* Exercise
Line by line, give the data again exactly as it appears, but without pictures.

== Collected data ==

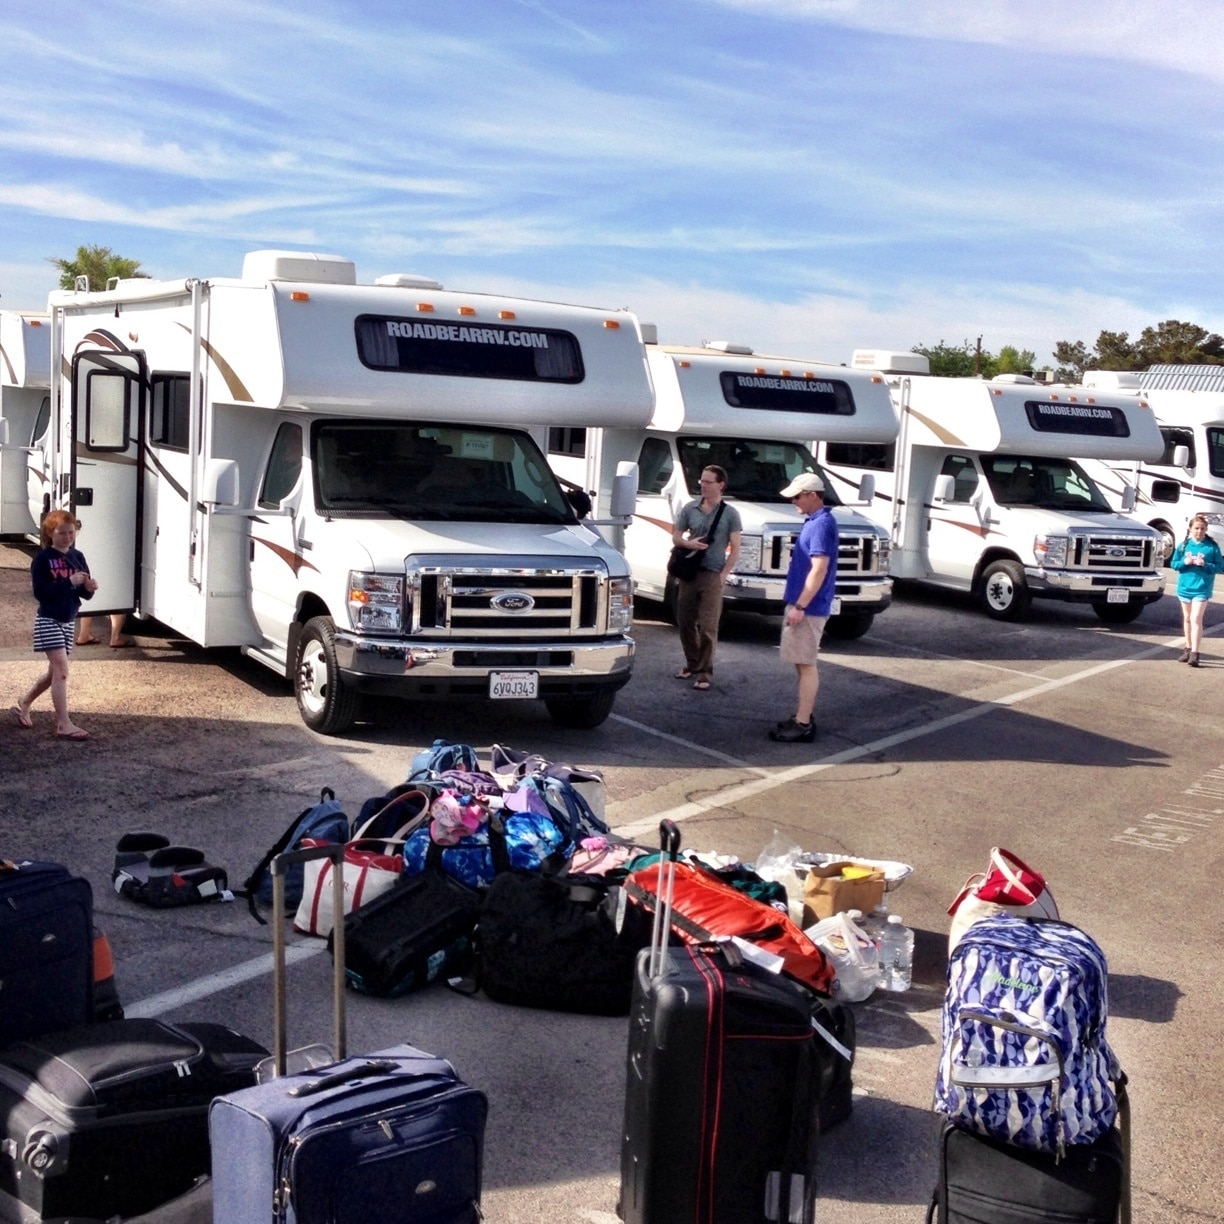 We used these guys to rent 5 RVs for a weeklong multi-family convoy around Arizona. Great outfit!  All RVs were clean, new, and complete with everything from cooking gear to camp chairs.  www.roadbearrv.com  #canyonballrun2013 
#roadtrip 
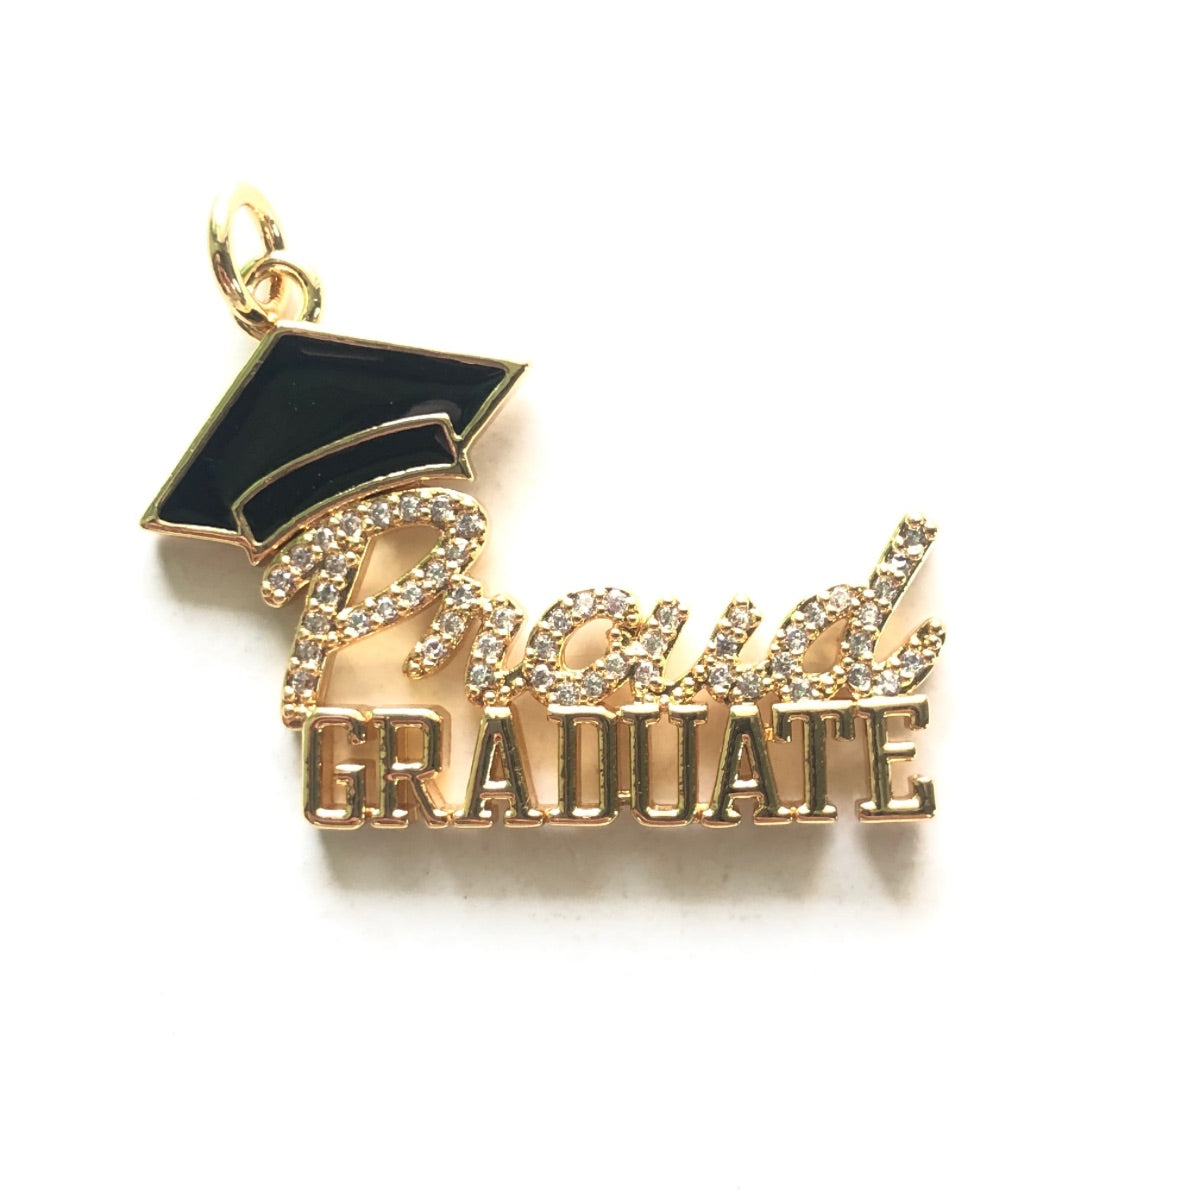 10pcs/lot 34.5*24.5mm CZ Pave Proud Graduate Word Charms for Graduation Gold CZ Paved Charms Graduation New Charms Arrivals Words & Quotes Charms Beads Beyond

===

* Answer space
 We used these guys to rent 5 RVs for a weeklong multi-family convoy around Arizona. Great outfit!  All RVs were clean, new, and complete with everything from cooking gear to camp chairs.  www.roadbearrv.com  #canyonballrun2013 
#roadtrip 
 10pcs/lot 34.5*24.5mm CZ Pave Proud Graduate Word Charms for Graduation Gold CZ Paved Charms Graduation New Charms Arrivals Words & Quotes Charms Beads Beyond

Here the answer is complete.